Лайонел, несомненно, принадлежал к «тем, кто берет». Он властно требовал от жизни всего, что она могла дать. Требовал, чтобы его желания всегда удовлетворялись, — и все, чего желал, хотел получать только на своих условиях.

«И всегда побеждал», — устало подумала Мона.

А расплачивались по его счетам всегда другие. Не деньгами, как она после смерти бедного Неда, — страданием, одиночеством, несчастьем, угрызениями совести и мукой загубленной жизни.

Глава восьмая

В гостиной у Хаулеттов Мона ожидала Дороти.

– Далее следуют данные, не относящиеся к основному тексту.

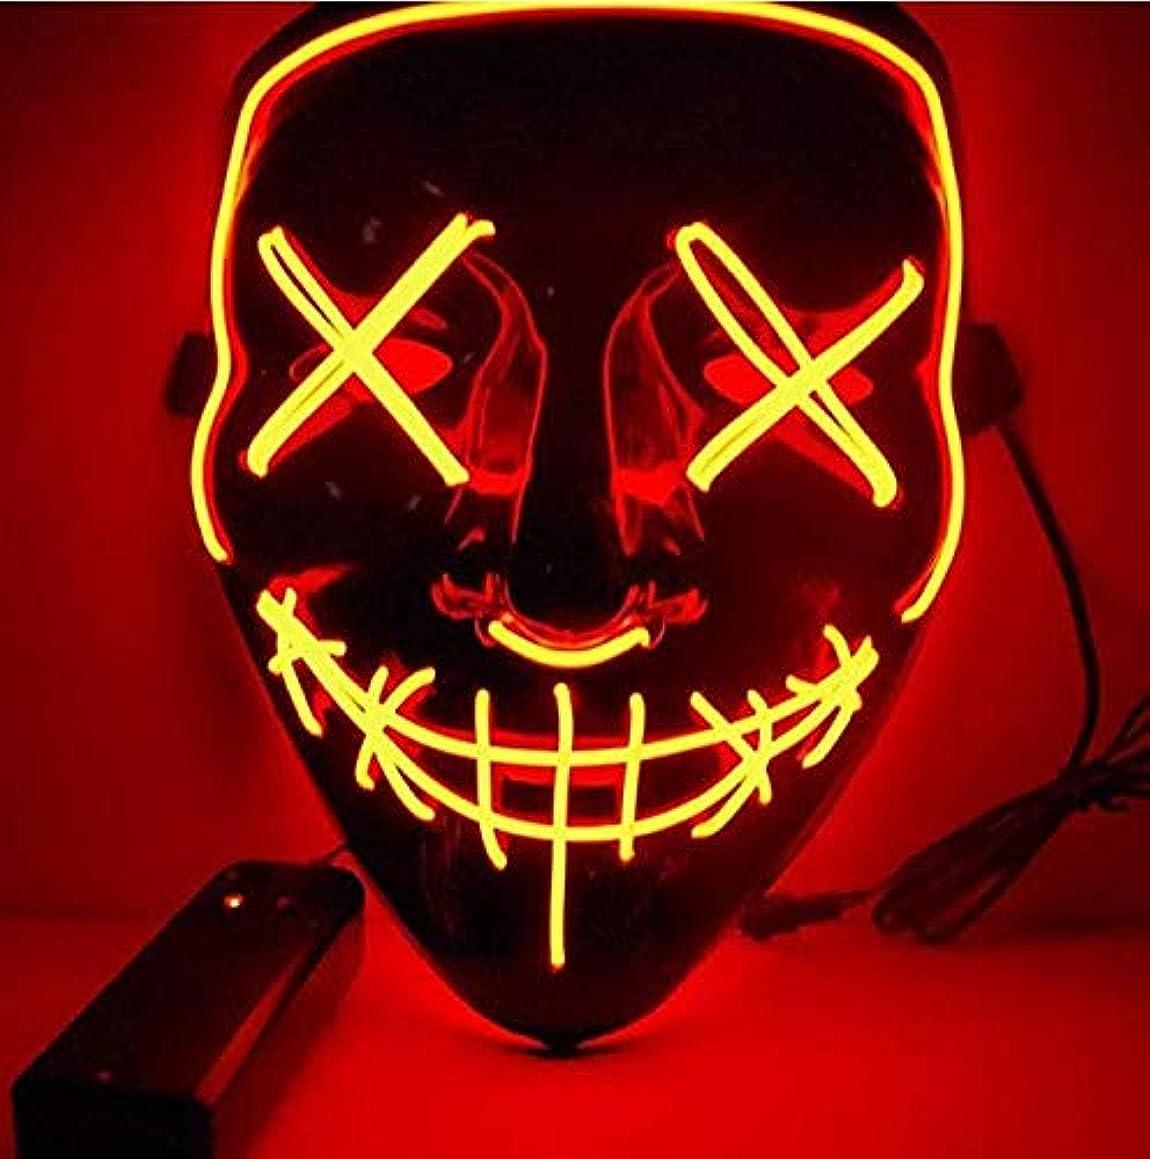 失業者プラグバレエハロウィンマスクLEDライトアップパーティーマスクコスプレコスチュームサプライ暗闇で光る (Color : PURPLE)

Доктор с семьей обитал в уродливом кирпичном доме с высокими квадратными комнатами, в которых любая мебель смотрелась как-то нелепо; однако Дороти Хаулетт делала все, что могла, чтобы оживить свое неказистое жилище и придать ему уют.

Не ее вина в том, что годы и нелегкая жизнь стерли глянец с мебели, что желтые занавески выцвели, а паркет потемнел. Гостиная выглядела скромно, даже бедно, и все же в ней чувствовалась атмосфера дома.

Там и сям были расставлены фотографии, на подоконнике стояла корзинка с выпечкой, из-под дивана выглядывала игрушечная машинка, а возле камина мирно прикорнул серый персидский котенок.

Здесь не было ни роскоши, ни претензий. Ковры дешевые, но подобранные со вкусом; массивные, неуклюжие на вид, но прочные и удобные кресла, и горка поленьев перед камином.

Дверь отворилась, и вошла Дороти Хаулетт.

— Извини, Мона, что заставила тебя ждать, — проговорила она извиняющимся тоном. — Все из-за этого ходячего кошмара в юбке!

Не было нужды уточнять, о ком она, — в Литтл-Коббле имелся лишь один «кошмар в юбке», и все его знали.

— Что она устроила на этот раз? — сочувственно спросила Мона. — Только ради бога, Дот, не смотри так озабоченно, от этого ты выглядишь лет на десять старше.

Дороти Хаулетт сняла шляпу и обеими руками пригладила седеющие волосы.

— О своих годах я давно уже не думаю, — ответила она. — Но несколько лет жизни она у меня точно отняла! — Взяв полено, она сунула его в камин, и пламя весело затрещало. — А теперь, — проговорила Дороти, усаживаясь, — мои ребята придут из школы не раньше четырех, так что у нас есть почти три часа, чтобы поболтать.

— Слава богу! — воскликнула Мона. — По-моему, легче получить аудиенцию у короля, чем застать тебя одну.

— Знаю, — поморщившись, ответила Дороти, — но что же тут поделаешь? Мало мне своих четверых ребятишек — приходится заботиться еще о троих эвакуированных. А помогает мне всего одна девушка пятнадцати лет от роду — очень старается, но, откровенно говоря, ей самой еще нянька нужна. И этого мало — еще мое Общество!.. Мона, но что же мне делать с Мейвис Гантер?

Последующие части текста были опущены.